AR: And then you flew a number of missions?

AEJ: Well first of all we had a lovely pilot, he was a great guy, Danny and he’d done 13 ops and crashed with a full bomb load. He broke his back and he’d nevertheless come back to flying again and he adopted us and I had great admiration for him, I think we all did. But I of course, as a bomb aimer it was only over the target that I was in charge really and the rest of the time I did odd jobs. I was assistant pilot, I was assistant navigator and all the bits and pieces that went with it, you know helping the wireless operator and anything they could find for an odd job man really. I used to sit next to Danny on take off and as he pulled the heavy aircraft off the ground he would come out in an absolute sweat and I knew he was in pain. After he’d done six or seven ops or whatever it was, one day we were actually out on the dispersal point waiting to take off and he called us together and he said ‘it’s no good I can’t fly, my back is playing up so badly I’ll kill us all’. And I just said to him, because I thought it would be true, ‘don’t worry Danny they’ll understand’. Well they didn’t. The Wing Commander came out in his Hillman and he treated Danny as though Danny was a traitor of some sort. It was dreadful. He said ‘King get into my car’ and then he turned to us and he said ‘I’m sorry your pilot is LMF - lacking in moral fibre’. I thought that was terribly cruel and we asked if we could have an interview with the Wing Commander, which he granted and I was the spokesman and I went in on behalf of the others, with them, and said ‘we want you to know sir that we have great admiration for Flying Officer King and I told him about his broken back, he ought to have known that from the records, and how he’d carried on despite that and how I could see how much pain it gave him when pulling the aircraft back and that in the end he decided that to save us all, he wouldn’t fly. He said ‘your comments are noted gentlemen’ and that was that. Danny was banished from the airfield and we never saw him again.
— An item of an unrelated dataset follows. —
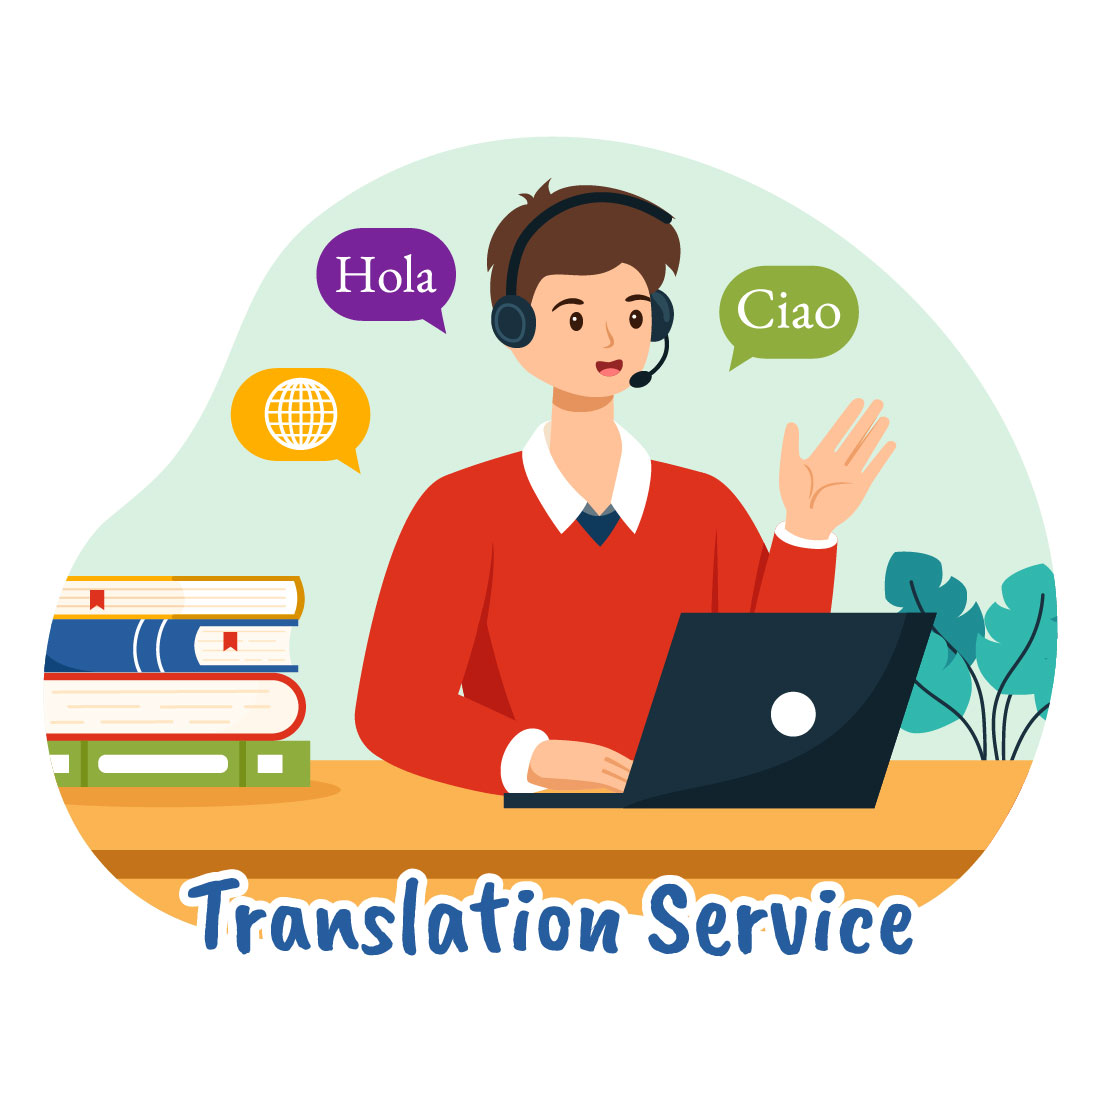 9 Translation Service Illustration cover image.

AR: How did that make you feel, you and your other crew members?

AEJ: Oh very badly about that, very badly. Then my third pilot came into it and took us over and we went on eventually and completed our tour. Well actually they did the full 30 ops and because I had missed one, the one they were on, actually the first one that I’d missed was the Nuremberg trip where we lost more aircraft than any other raid. Because I’d missed that I was officially granted my tour on 29 ops, that was that. That was how that ended and then I got on to Transport Command and so on and I was [emphasis] going to be posted to Japan and that really frightened me. I’d heard such awful stories about prisoners of war in Japan and I thought that was going to be dreadful and I said to then Wing Commander, I don’t know if it was the same one or not, ‘I wonder if I could have a training job of some sort for a while?’. He said ‘you ought to be honoured to be chosen for Japan’. I could have done without the honour. Anyway, the awful thing, but nevertheless, it saved my bacon, what was it, the atom bomb? Yes the atom bomb, because of that the war became over, the war with Japan finished and thankfully for me, I was saved the task of going out there. Then I went on to Transport Command and did various things and I flew quite a lot really but that was the end of my active [unclear]

AR: Where were you in the transport corps Alun?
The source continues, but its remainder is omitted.